Além disso, um dos objetivos essenciais da conferência é procurar o modo de aumentar e a melhor forma de distribuir a grande quantidade de dinheiro necessária para combater a mudança climática.

Nesse sentido, o presidente de Gana, John Agyekum Kufuor, na abertura da conferência, pediu mais ajuda para aumentar a capacidade de tomar medidas por parte dos países africanos.

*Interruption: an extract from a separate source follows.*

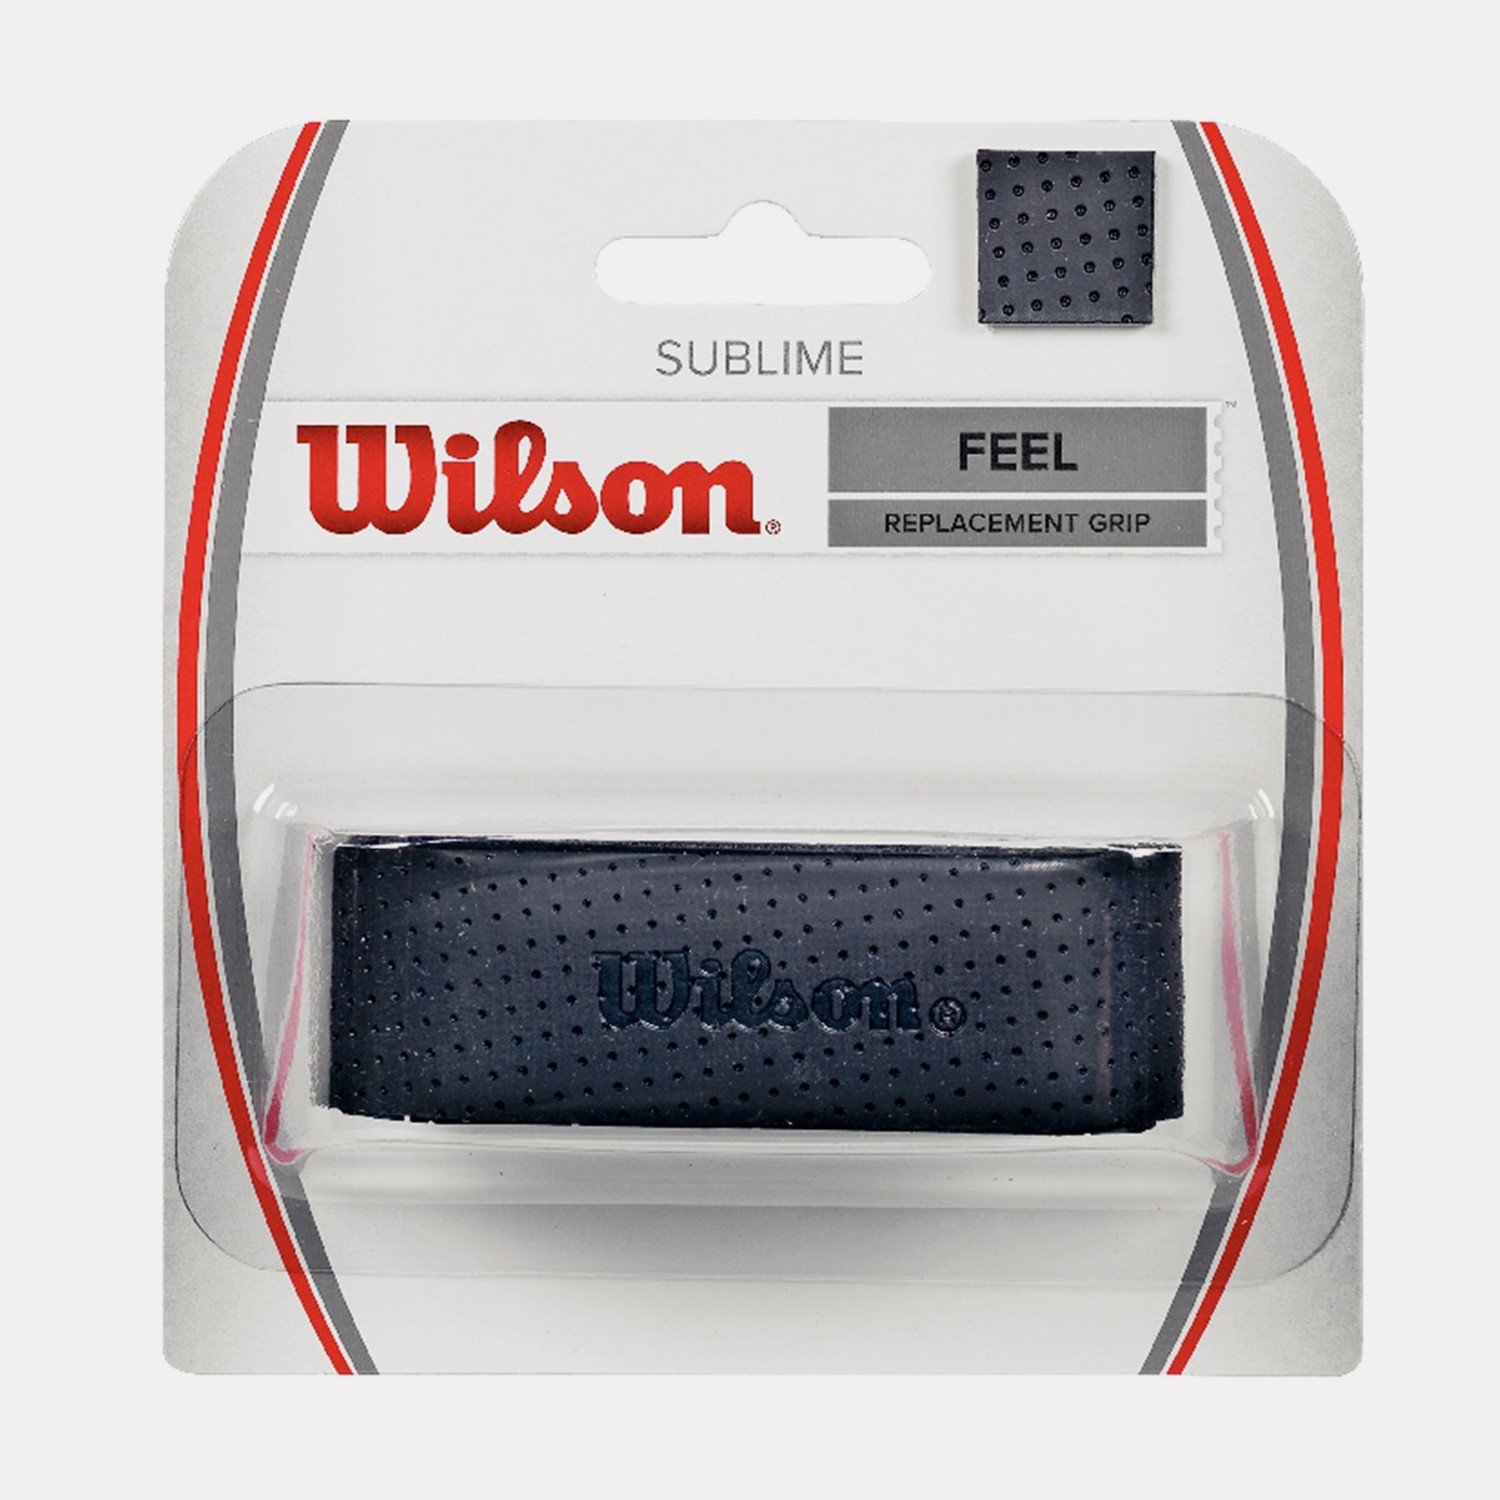 Wilson Sublime Replacement Grip (9000079877_1469)

Para o chefe do Estado ganês, a possibilidade de um acordo poderia chegar com o compromisso dos países pobres de levar em frente um desenvolvimento sustentável, com o apoio financeiro e técnico dos industrializados.

Yvo de Boer, secretário-executivo da Convenção das Nações Unidas sobre Mudança Climática, ressaltou que a África é um dos continentes mais afetados, junto com Ásia.

Serge Orru, representante francês do Fundo Mundial para a Natureza (WWF), reivindicou aos países "idéias e objetivos concretos" para "criar uma verdadeira dinâmica que possa permitir resultados" no objetivo de reduzir as emissões de gases do efeito estufa.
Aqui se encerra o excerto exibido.